You are now ready to apply different regression techniques to your dataset. When doing this, you will probably want to use the command “View(dataframe_name_here)” first, so you can see the names for your different variables. After entering the command for a regression, your regression results will appear in the environment tab, in the top right by default. Click them, and a new tab will open within the same window that R scripts appear in, in the top left by default. (One way to identify this window is to go to “File”, then “New File”, then click “R Script”)
Alternatively, you can view regression results with this command:
summary(regression_name_here)
This is perhaps superior, since it gives you t-statistics and p-values next to your coefficients. Remember that t-statistics tell you how many standard deviations away from zero your coefficient is. The p-value, labeled “Pr(>|t|)”, tells you the probability of observing a coefficient as extreme as you’re observing given that the real one is zero.
To perform a simple linear regression, use this command:
regression.name <- lm(outcome_variable_name ~ independent_variable_name, data=df)
You might have an easier time remembering this if you know “lm” stands for “linear model”. Note that in this command, “df” calls on the name of your dataset, which you established with the last command. You might later open a new dataset by using the same command with a different name:
newdata <- read_excel("FILE PATH", sheet = 1)To perform a multiple linear regression, use this command:
regression.name <- lm(outcome_variable ~ dependent_variable1 + dependent_variable2 + however_many_others_you’d_like + ..., data=df)To use an instrumental variable:
Install the “estimatr” package. Read the introduction to this section if you missed how to do this. Then use the following commands, in order. If you change the name of anything, be careful! Successive commands call on results found in previous commands using established names. Also note that you need every independent variable (or “control variable”), in the first command, not just the instrumental variable.
fs <- lm(independent_variable_not_outcome~instrumental_variable + control_variable1 + other_controls + ..., data = df)

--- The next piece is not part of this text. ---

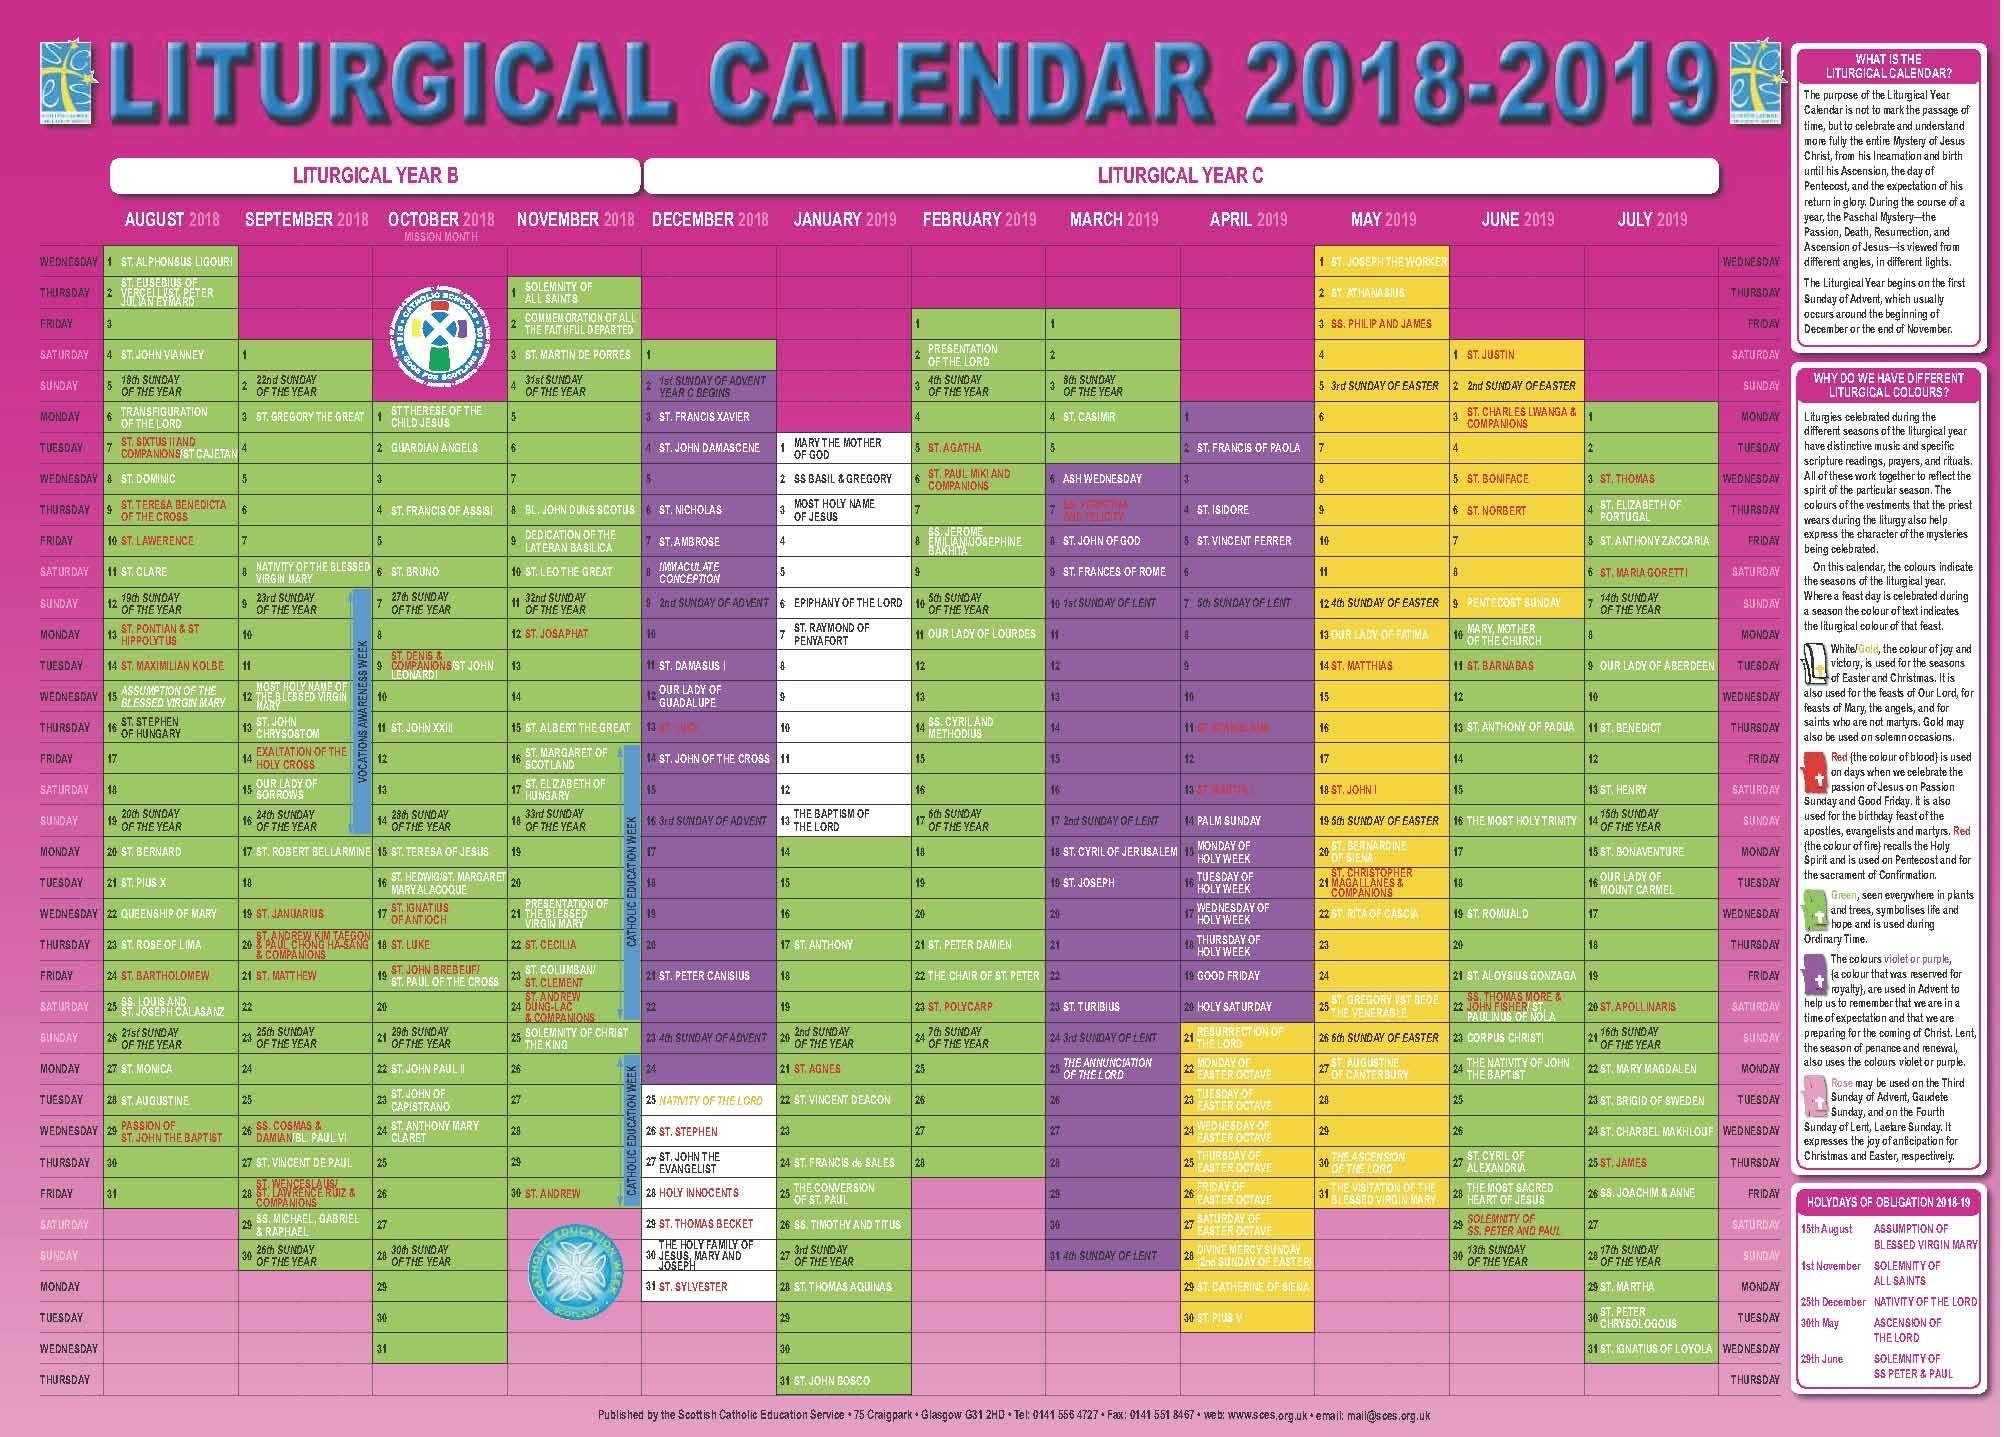 Scottish Catholic Education Service | Sces | Liturgical Calendar intended for Catholic Liturgical Calendar 2020 Pdf

predicted_values <- predict(fs)
tsls <- lm(outcome_variable ~ predicted_values + control_variable1 + other_controls + ..., data = df)
By this point you have instrumental variable results as “tsls” in your environment window. These results do not use robust standard errors, discussed in the previous part on Stata.
Let’s use the package. Notice the use of a “|” where you might expect a comma by now. That is used to mark where you enter the instrument and all of your control variables.
library(estimatr)iv <- iv_robust(outcome_variable ~ independent_variable_NOT_INSTRUMENT + control_variable1 + other_controls + ... | instrument + controls + ... , data = df)
Difference-in-differences does not require a regression. Go to Section II, Part 4 if you want to know how this works.
To perform a regression with entity fixed effects, use this command:
your_fixed_effects_regression_name <- lm(outcome ~ independent_variable + entity_variable_name - 1, data = df)
For example, if you have a column in your dataset labeled “state” with entries like “Oklahoma” or “OK”, you would replace “entity_variable_name” with “state”. Notice the 1 that gets subtracted; this tells R to drop one of your entities to avoid the problem of “perfect multicollinearity”, discussed earlier. If you have 50 states represented as a 0 or a 1, when the first 49 states equal 0, it’s implied that the entity you’re looking at is the 50th state. Without dropping one state, you would be asking to estimate the effect of a state while controlling for that state, which doesn’t make sense—to estimate the effect of something, you can’t keep it constant.To perform a probit regression, use this command:
probit_regression_name <- glm(outcome_variable ~ independent_variable, family = binomial(link = "probit"), data = name_of_dataframe)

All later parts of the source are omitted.